Task statement
To complete this task, print all the data below exactly but leave out the images.

Given information
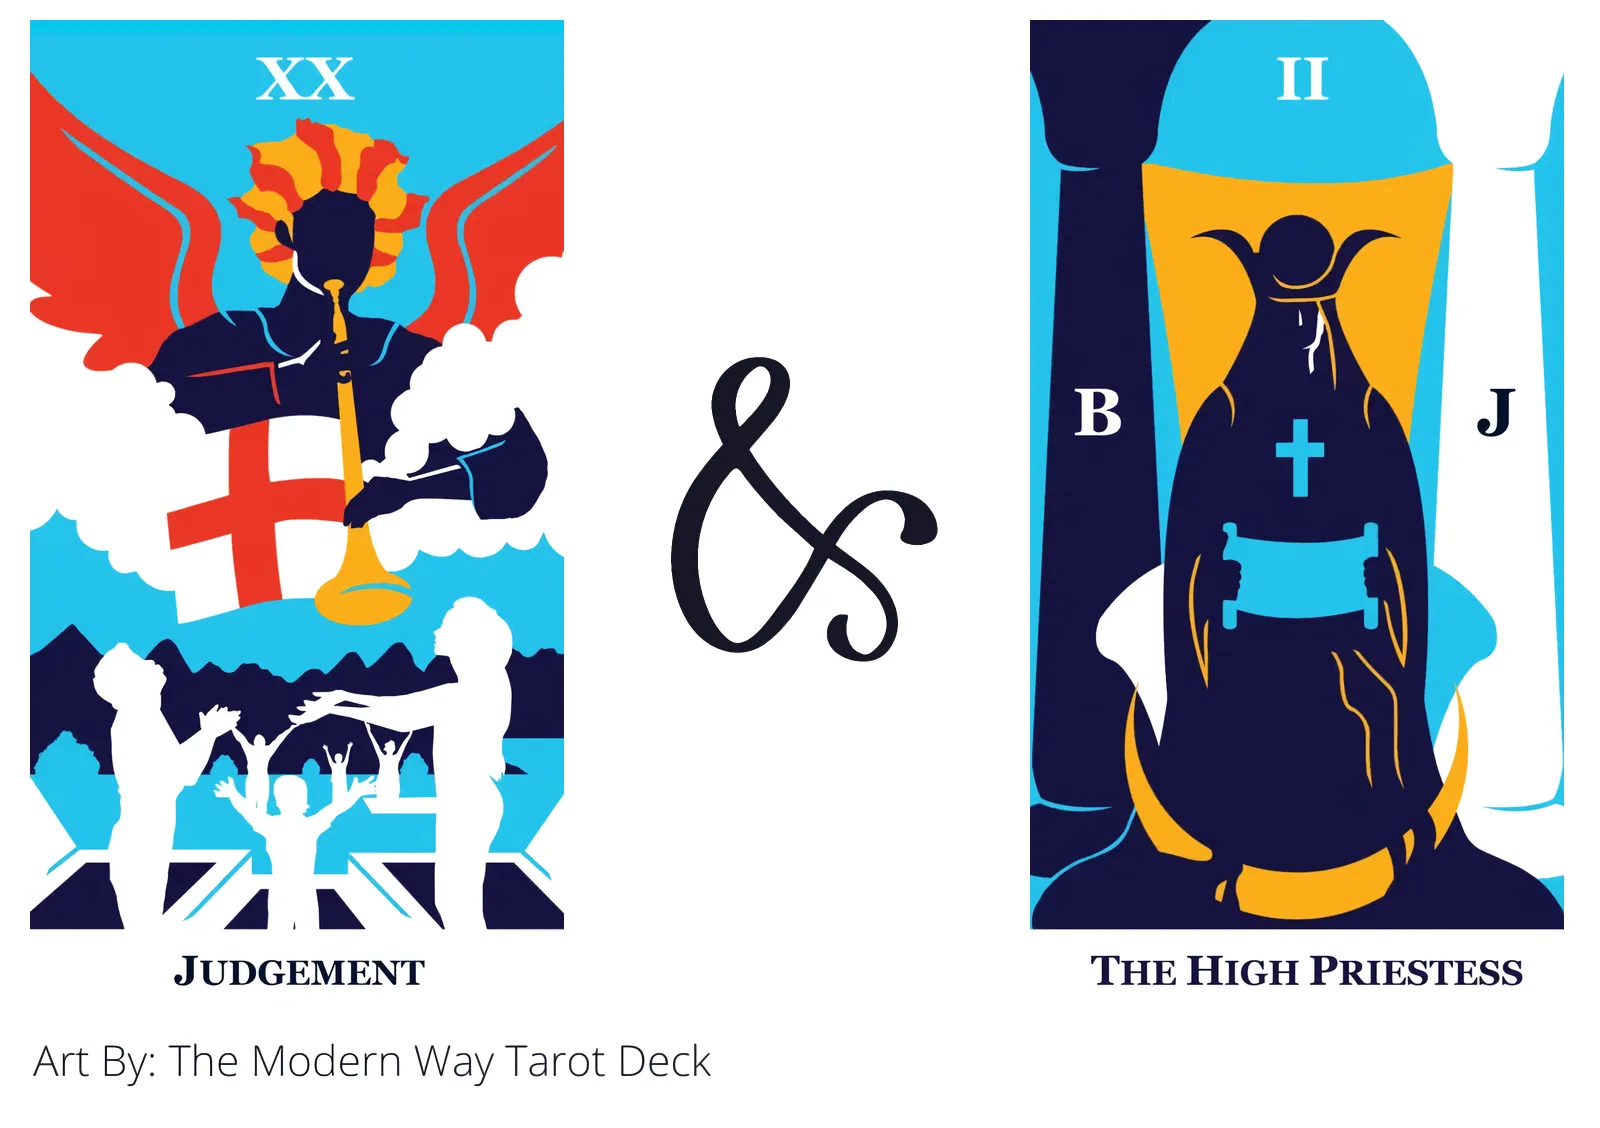 judgement and the high priestess tarot cards together
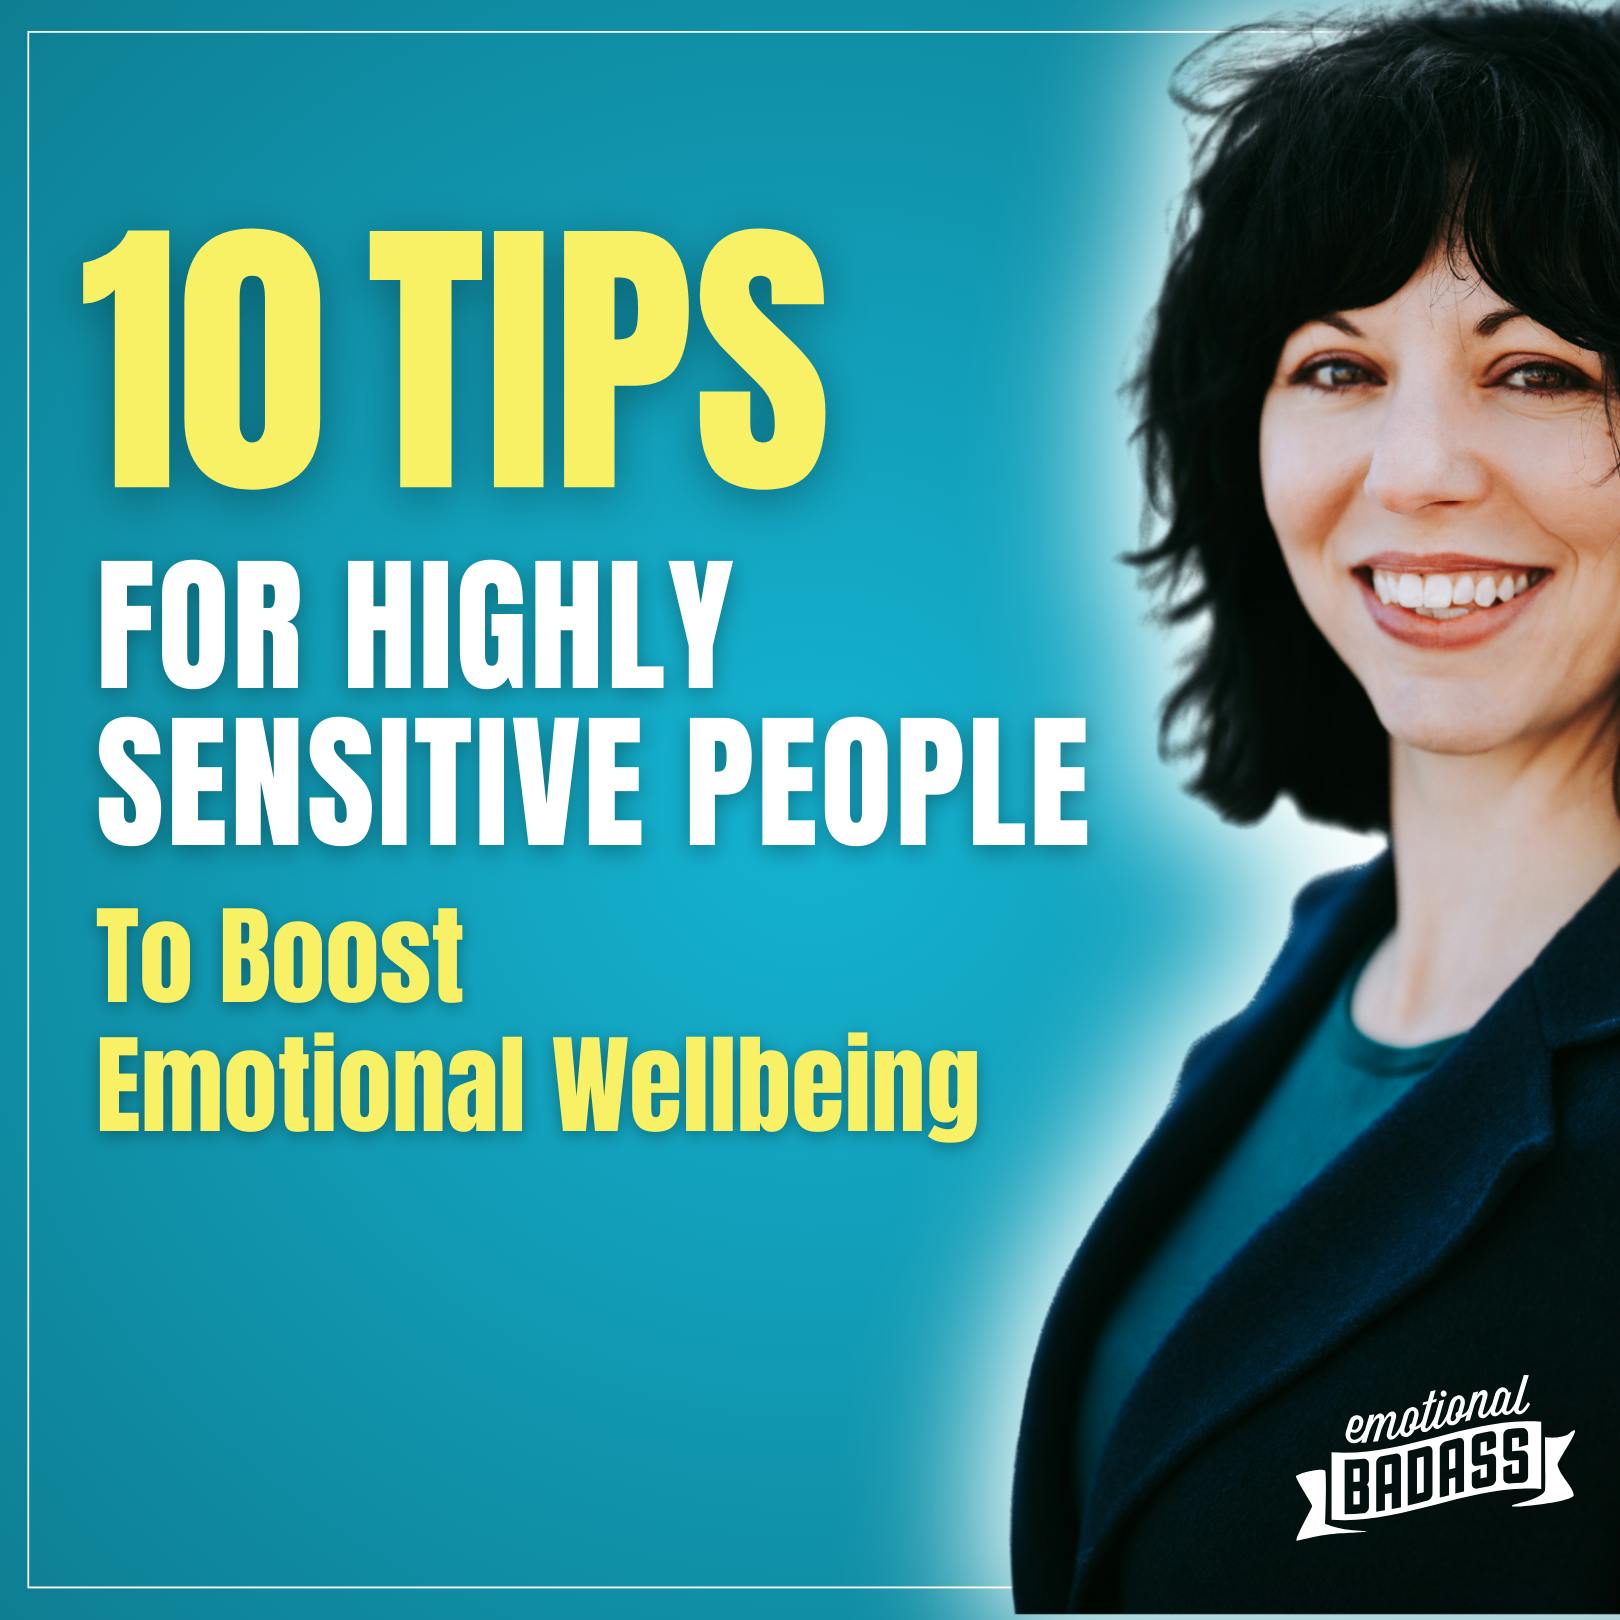 10 Tips for HSPs and Survivors to Boost Emotional Wellbeing
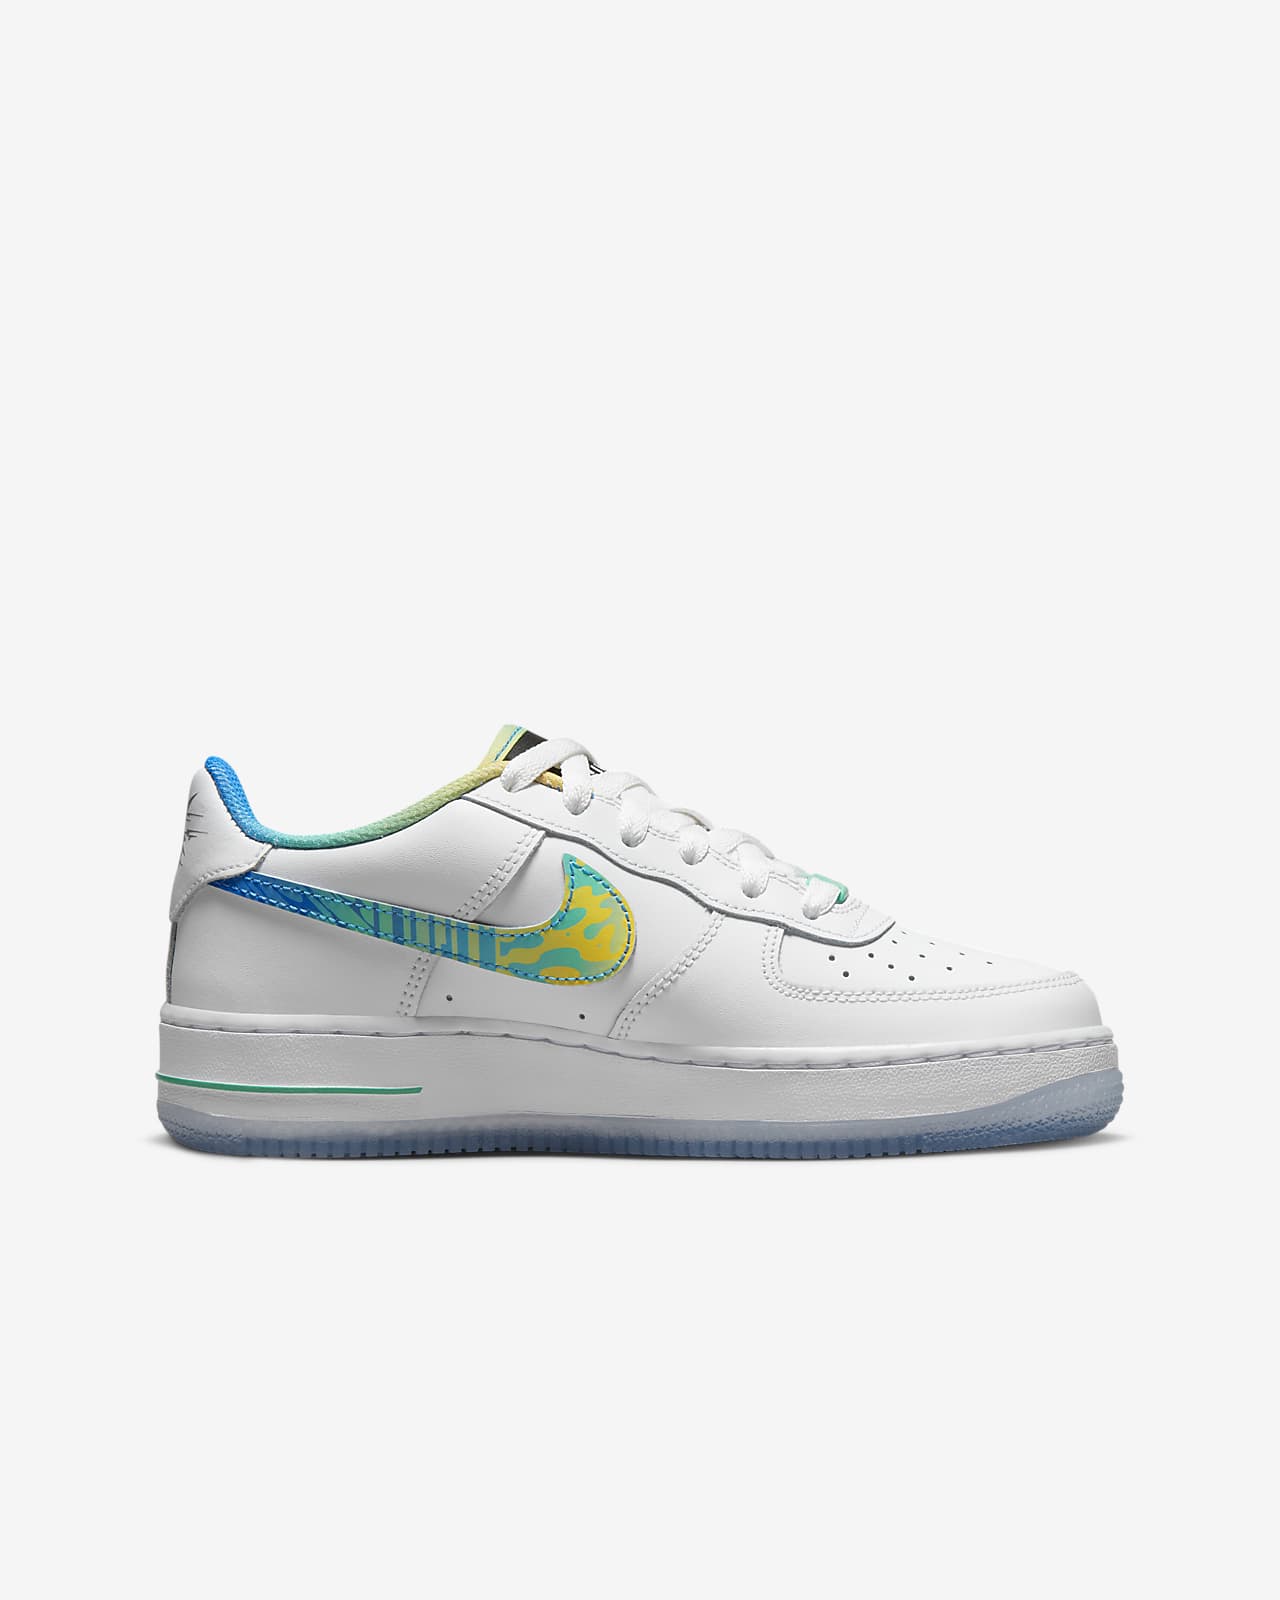 Air Force 1 LV 8 Leather Sneakers in White - Nike Kids

Finished exercise
 judgement and the high priestess tarot cards together
 10 Tips for HSPs and Survivors to Boost Emotional Wellbeing
 Air Force 1 LV 8 Leather Sneakers in White - Nike Kids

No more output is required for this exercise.